The hell with it, thought Robert
Wilson. The utter complete hell with it. So this is what it's going to be like.
Well, this is what it's going to be like, then.
"Makes no difference," he
said.
"You're sure you wouldn't like
to stay in camp with her yourself and let me go out and hunt the buffalo?
Macomber asked.
"Can't do that," said
Wilson. "Wouldn't talk rot if I were you."
"I'm not talking rot. I'm
disgusted."
"Bad word, disgusted."
"Francis, will you please try
to s peak sensibly!" his wife said.
"I speak too damned
sensibly," Macomber said. "Did you ever eat such filthy food?"
"Something wrong with the
food?" asked Wilson quietly.
"No more than with everything
else."
"I'd pull yourself together,
laddybuck," Wilson said very quietly. "There's a boy waits at table
that understands a little English."
"The hell with him."
Wilson stood up and puffing on his
pipe strolled away, speaking a few words in Swahili to one of the gun-bearers
who was standing waiting for him. Macomber and his wife sat on at the table. He
was staring at his coffee cup.
"If you make a scene I'll leave
you, darling," Margot said quietly.
"No, you won't."
"You can try it and see."
"You won't leave me."
"No," she said. "I
won't leave you and you'll behave yourself."
"Behave myself? That's a way to
talk. Behave myself."
"Yes. Behave yourself."
"Why don't you try
behaving?"
"I've tried it so long. So very
long."
"I hate that red-faced
swine," Macomber said. "I loathe the sight of him."
"He's really very nice."
"Oh, shut up," Macomber
almost shouted. Just then the car came up and stopped in front of the dining
tent and the driver and the two gun-bearers got out. Wilson walked over and
looked at the husband and wife sitting there at the table.
"Going, shooting?" he
asked.
"Yes," said Macomber,
standing up. "Yes."
"Better bring a woolly. It will
be cool in the car," Wilson said.
"I'll get my leather
jacket," Margot said.
"The boy has it," Wilson
told her. He climbed into the front with the driver and Francis Macomber and
his wife sat, not speaking, in the back seat.
Hope the silly beggar doesn't take a
notion to blow the back of my head off, Wilson thought to himself. Women are a
nuisance on safari.
The car was grinding down to cross
the river at a pebbly ford in the gray daylight and then climb ed, angling up
the steep bank, where Wilson had ordered a way shoveled out the day before so
they could reach the parklike wooded rolling country on the far side.

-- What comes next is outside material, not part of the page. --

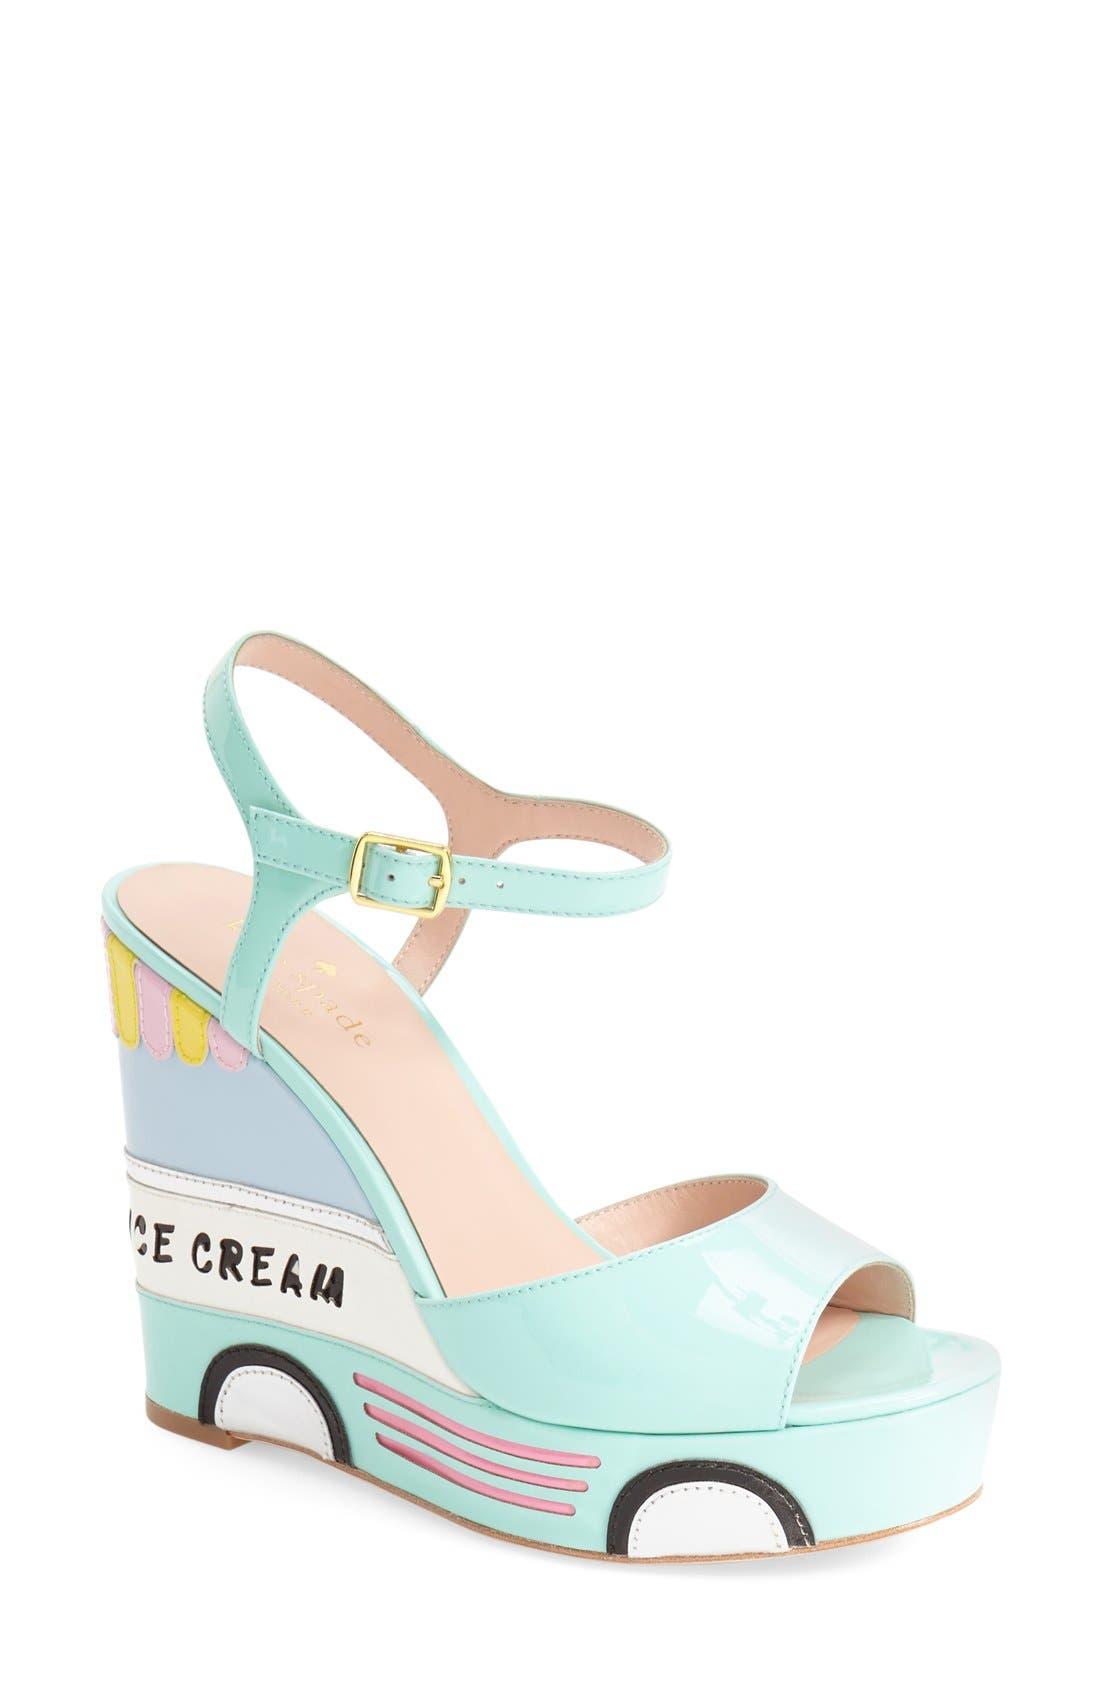 Main Image - kate spade new york 'dotty' wedge sandal (Women)

It was a good morning, Wilson
thought. There was a heavy dew and as the wheels went through the grass and low
bushes he could smell the odor of the crushed fronds. It was an odor like
verbena and he liked this early morning smell of the dew, the crushed bracken and
the look of the tree trunks showing black through the early morning mist, as
the car made its way through the untracked, parklike country. He had put the
two in the back seat out of his mind now and was thinking about buffalo. The
buffalo that he was after stayed in the daytime in a thick swamp where it was
impossible to get a shot, but in the night they fed out into an open stretch of
country and if he could come between them and their swamp with the car,
Macomber would have a good chance at them in the open. He did not want to hunt
buff or anything else with Macomber at all, but he was a professional hunter
and he had hunted with some rare ones in his time. If they got buff today there
would only be rhino to come and the poor man would have gone through his
dangerous game and things might pick up. He'd have nothing more to do with the
woman and Macomber would get over that too. He must have gone through plenty of
that before by the look of things. Poor beggar. He must have a way of getting
over it. Well, it was the poor sod's own bloody fault.

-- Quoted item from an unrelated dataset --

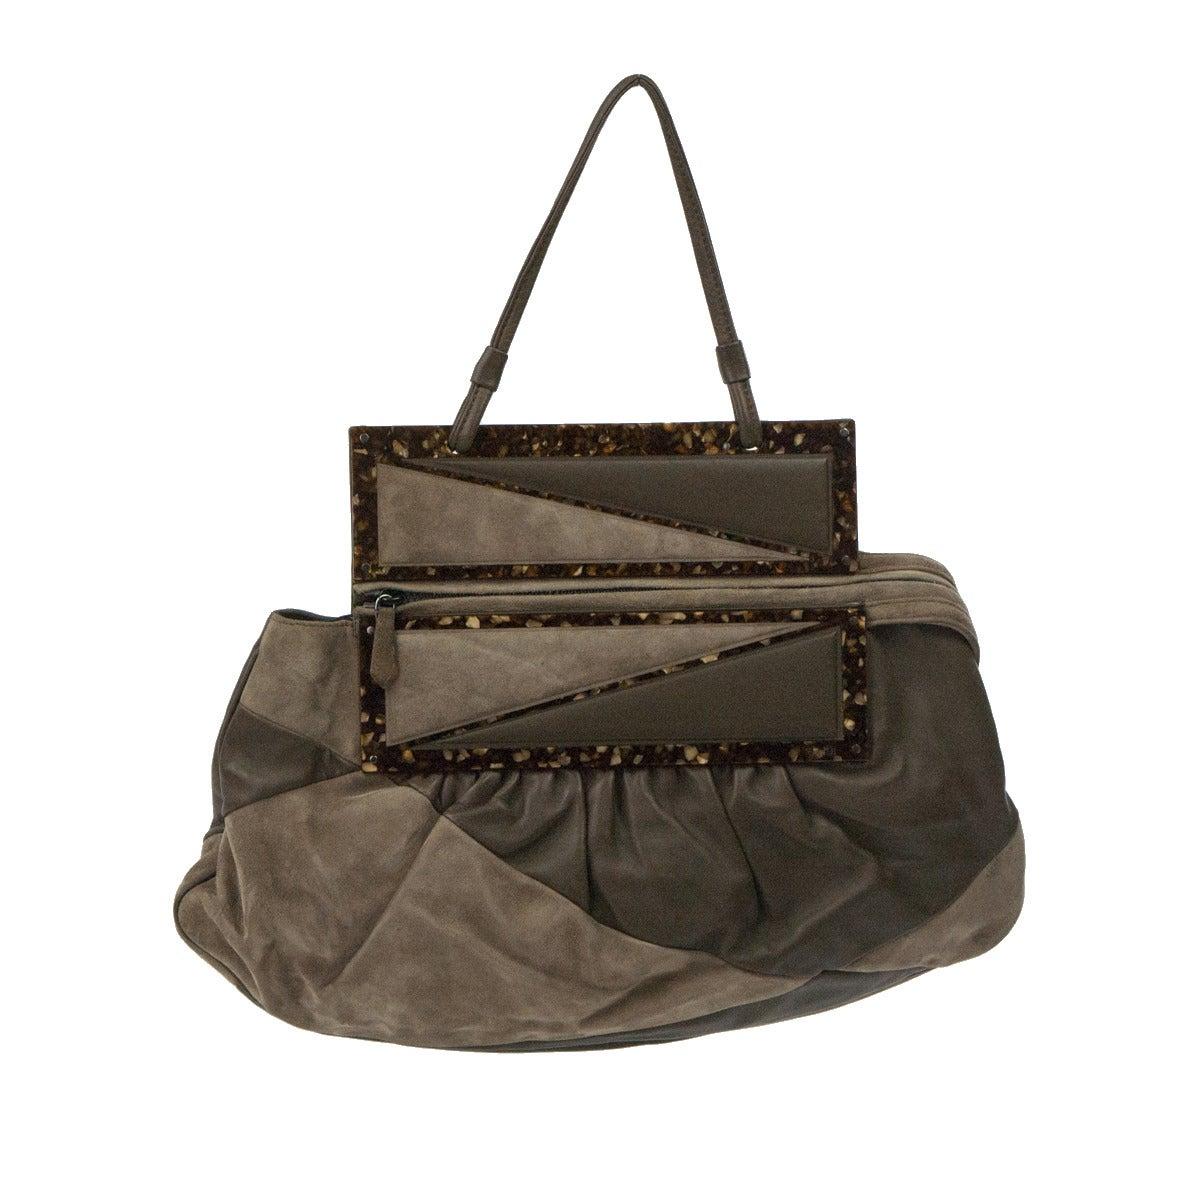 Fendi Leather and Buckskin Turtledove One Handle Bag

He, Robert Wilson, carried a double
size cot on safari to accommodate any windfalls he might receive. He had hunted
for a certain clientele, the international, fast, sporting set, where the women
did not feel they were getting their money's worth unless they had shared that
cot with the white hunter. He despised them when he was away from them although
he liked some of them well enough at the time, but he made his living by them;
and their standards were his standards as long as they were hiring him.
They were his standards in all
except the shooting. He had his own standards about the killing and they could
live up to them or get some one else to hunt them. He knew, too, that they all
respected him for this. This Macomber was an odd one though. Damned if he
wasn't. Now the wife. Well, the wife. Yes, the wife. Hm, the wife. Well he's
dropped all that. He looked around at them. Macomber sat grim and furious.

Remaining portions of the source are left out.